Many towns were designed with large open spaces in the centre, where the market could be held. They are often still there, with a market cross in the middle. Sometimes, where major trade routes crossed, a market was held even if there was no town. Look for place names including the words Chipping or Market. In those cases the market created the later town. Villages held general markets. Larger towns often had specialized markets, dealing perhaps in pigs only, or cloth only, and the largest towns had several special markets.

The rules of the market required the stalls to be taken down at the end of market day. Over time, the stallholders began to leave the stalls in place. And, of course, if the stall was there, one might as well do some business. Soon, the stalls became permanent shops; and that is the origin of the downtown commercial area that every town now has. As the merchants filled the market square with permanent shops, they moved their families there too, living over or behind the shops. We still can see those narrow stall-width shops with living quarters above or behind them.
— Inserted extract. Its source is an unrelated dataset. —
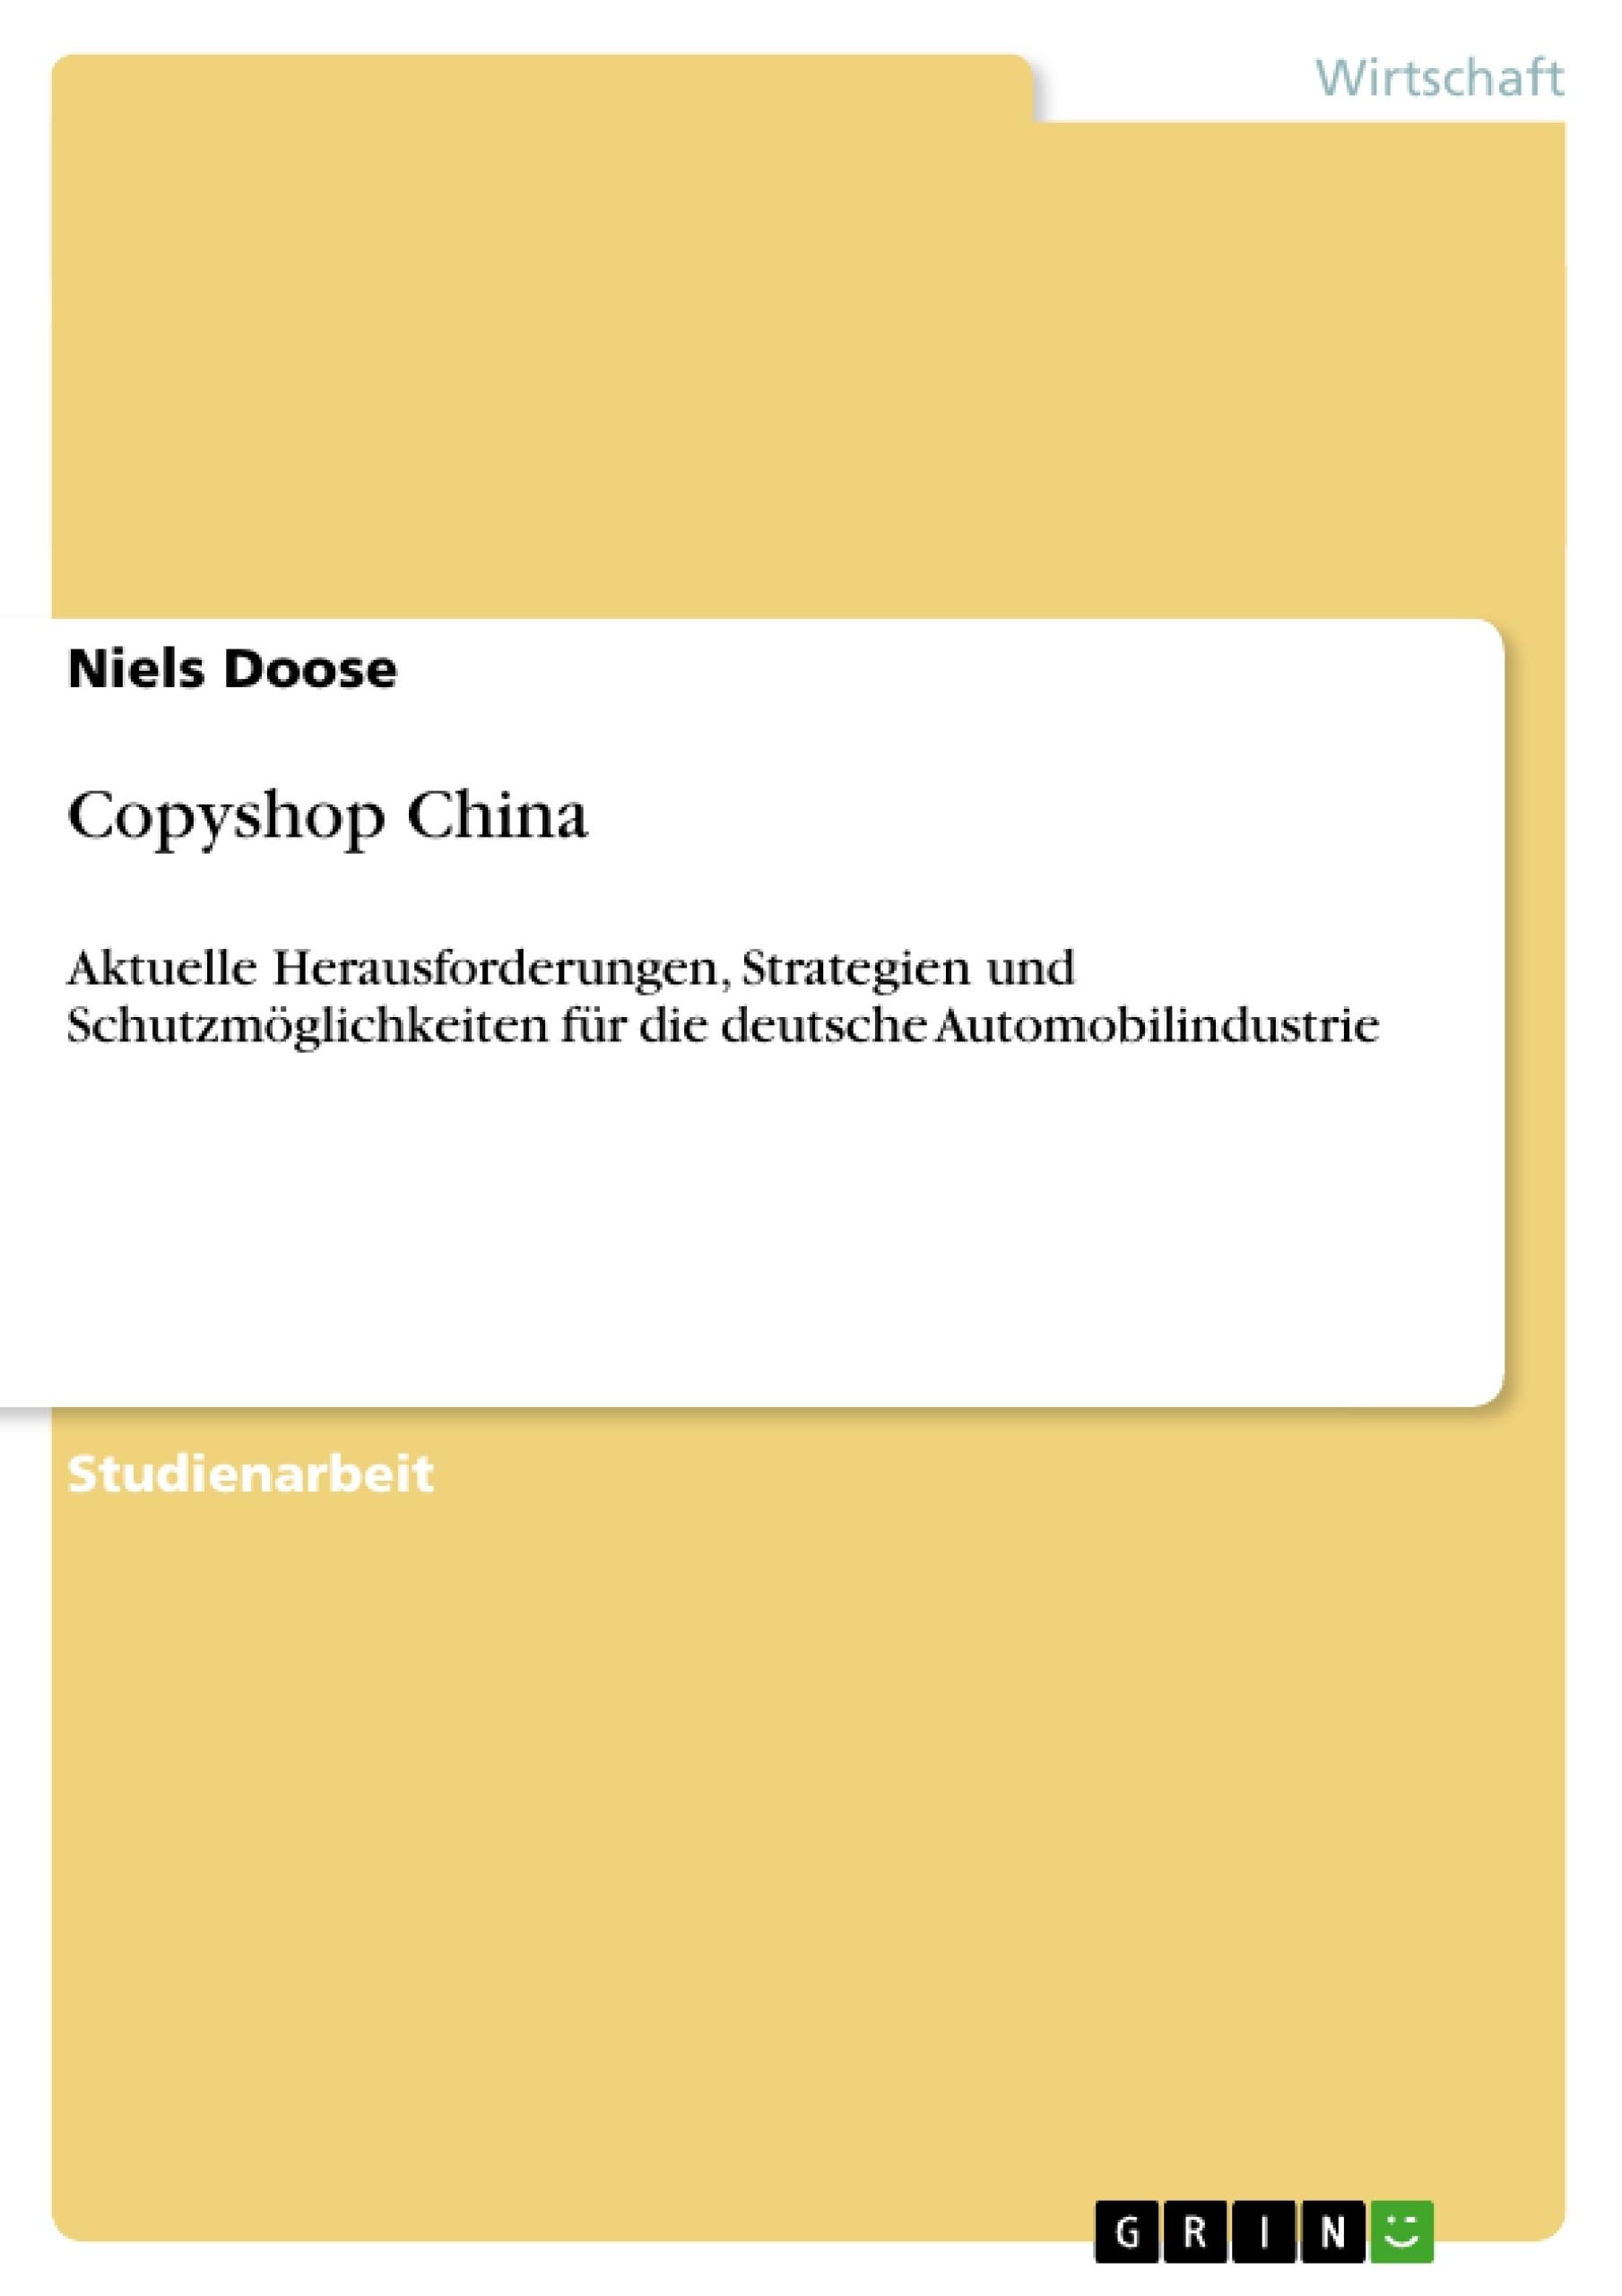 Titel: Copyshop China

Each market charter required the holder to set up a market court, to regulate weights and measures, to prevent theft and fraud, and to keep the peace. The charter holder’s steward and a jury of market traders ran the court. Since merchants came from across Europe to trade, the law used was the commercial law used throughout Europe, called the law merchant. Today’s banking laws involving cheques and notes originate in this, and NAFTA is not so novel!

Bakers were notorious for making very light bread, lots of air and not much flour. Bread was supposed to be sold by weight, and because of the light-bread scam, the rules required thirteen loaves to the dozen, a baker’s dozen. The area where fresh meat and fish were sold was called the shambles, and was very messy and smelly since waste was dumped in the street, A meat and fish seller who tried to sell rotten flesh was clapped in the stocks and his merchandise burned slowly under his nose. Substantial fines were imposed on other offenders.
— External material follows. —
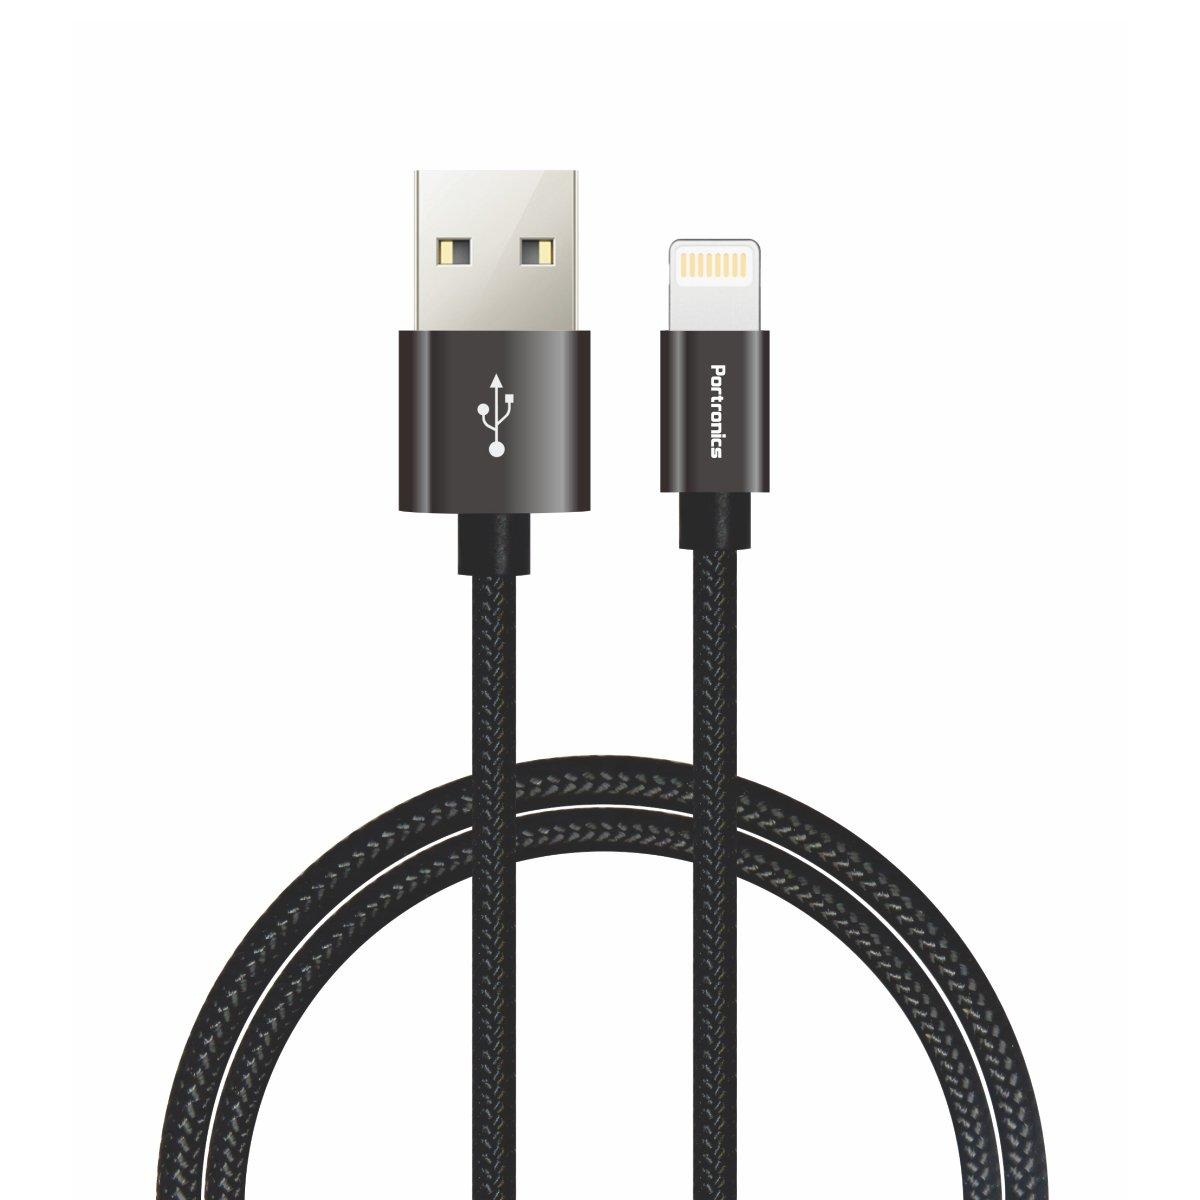 Portronics POR-792 Konnect Pro Data Cable - 3.9 Feet

A fair was a right granted by the King to a market holder, to have an extra large market with shows and games, often coinciding with the festival of the patron saint of the parish church. Tavistock’s fair was granted in 1116, and was held on the feast of St. Rumon, its patron, at the end of August. Fairs tended to be specific to particular merchandise, such as horses, sheep, cheese, and so on. You don’t need me to tell you the main trade item at Tavistock’s Goose Fair.
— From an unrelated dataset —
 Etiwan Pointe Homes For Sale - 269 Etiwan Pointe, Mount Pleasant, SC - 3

Hiring fairs were also held, at which domestic servants, farm labourers, artisans and others could be hired for a term of one year until the next fair.

So critical was trade to prosperity that our ancestors swallowed their religious and social prejudices, and welcomed Italians, Flemings, Jews and other foreigners into their communities, often on a permanent basis. These merchants were particularly evident in those towns which served by law as centres for major objects of export, such as wool and tin. These towns were called staple towns, and Tavistock was in fact a tin staple town.

Markets and fairs are important events for genealogists and family historians. They were often the place where future husbands and wives first met, while there with their parents on business. Your ancestor’s trade will have taken his family to the appropriate market, not necessarily the market nearest his home. The records of markets and fairs, including ts court (the pie-powder court) ran be found among the town’s archives, or in the rolls of the manor or abbey. They tell us a great deal about how our ancestors, rich or poor, lived their daily lives.